Da sempre sostenitore di una cucina senza sprechi e rispettosa della natura – infatti fa parte del board di CARE’s Etichal Chef days, manifestazione di alimentazione sostenibile – chef Morelli è intervenuto anche sul tema della sostenibilità all’interno del mondo della ristorazione.
“Chi mi conosce sa perfettamente quali sono state le mie battaglie. Si sente tanto parlare di svolta green. Io parlo di rispetto: della terra, dell’uomo, del cliente, di noi stessi e della vita. È naturale che oggi si cavalca l’onda di questa tematica.
La grande riflessione da fare, secondo me, è chiedersi che cosa si faceva prima. Così facendo è facile distinguere chi parla sul serio e ha a cuore queste dinamiche da chi cavalca l’onda di una moda.
Nessuno è ultimo depositario della verità. Ma indagare sulla verità di quello che ci viene raccontato è un buon atteggiamento.

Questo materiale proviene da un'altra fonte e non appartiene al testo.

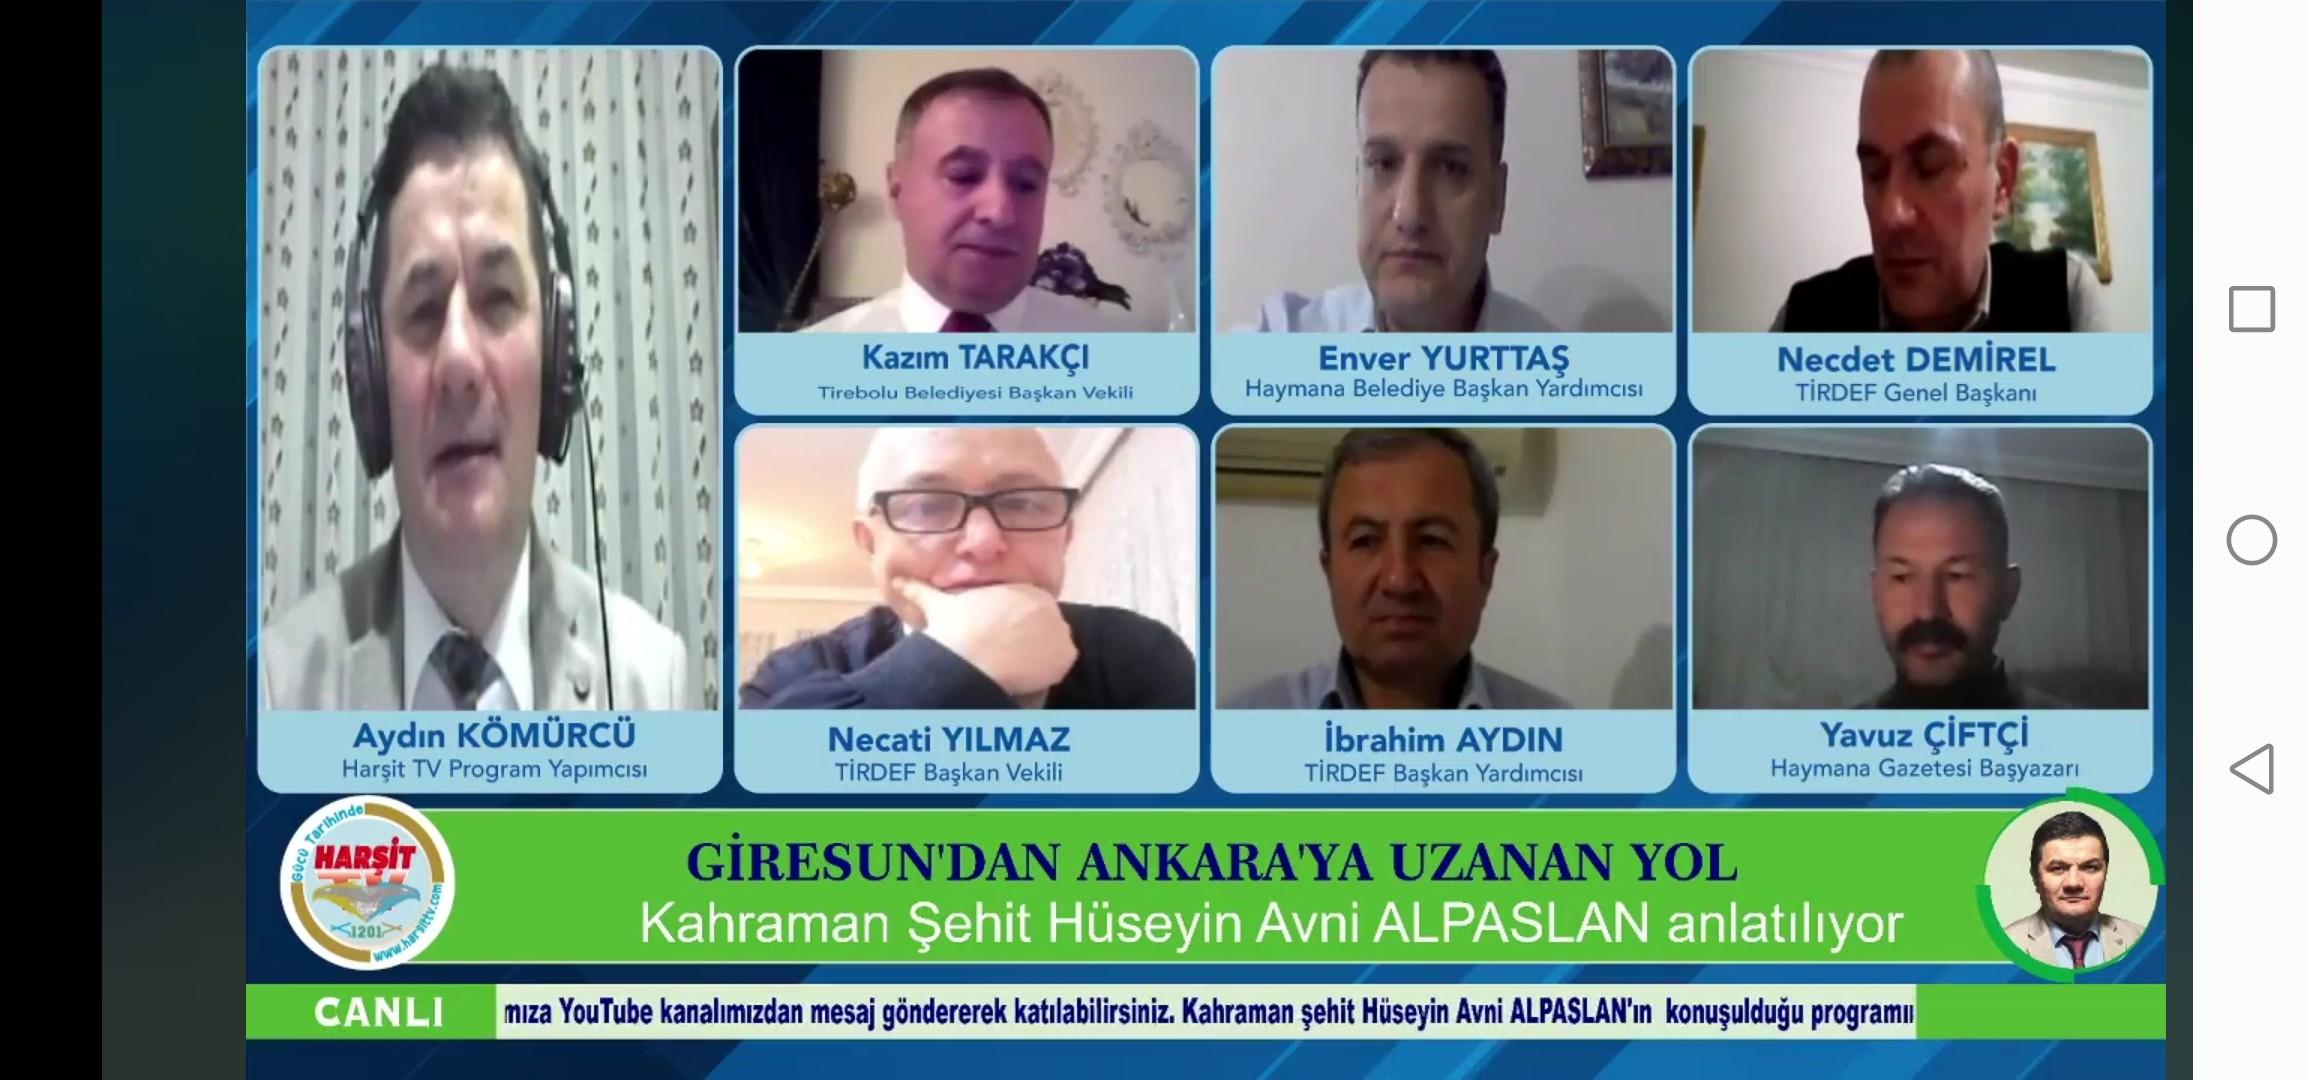 Screenshot_20210215_214313_com.facebook.katana

Così facendo la sensibilizzazione su questo tema diventa più efficace, e tutti sono portati a contribuire per una parte in più di quanto non stiano già facendo.
Ad esempio: quanti hanno smesso di usare la plastica in cucina? Quanti non usano più, o hanno diminuito sensibilmente le cotture sottovuoto? Quanti hanno deciso di non fare più le lunghe cotture a bassa temperatura? Questi, ad esempio, sono due pratiche che fanno circolare plastica all’interno del nostro settore. È inutile parlare di prodotti bio, se poi in cucina si continua ad abusare di plastica.
Il nostro mondo purtroppo segue pedissequamente delle mode – a partire dagli anni ’70 e ’80 con la moda dei gamberetti in scatola, della rucola e dei carpacci – e questo modus operandi porta inevitabilmente a una saturazione delle risorse e una devastazione del pianeta.
Oggi succede che si espiantano gli ulivi per piantare i noccioleti. Se vogliamo essere etici, bisogna essere informati e consapevoli; se vedo una nocciola dalla cui provenienza sono stati estirpati centinaia di ettari di ulivi, allora non devo comprarla. Dobbiamo partire da questi comportamenti”.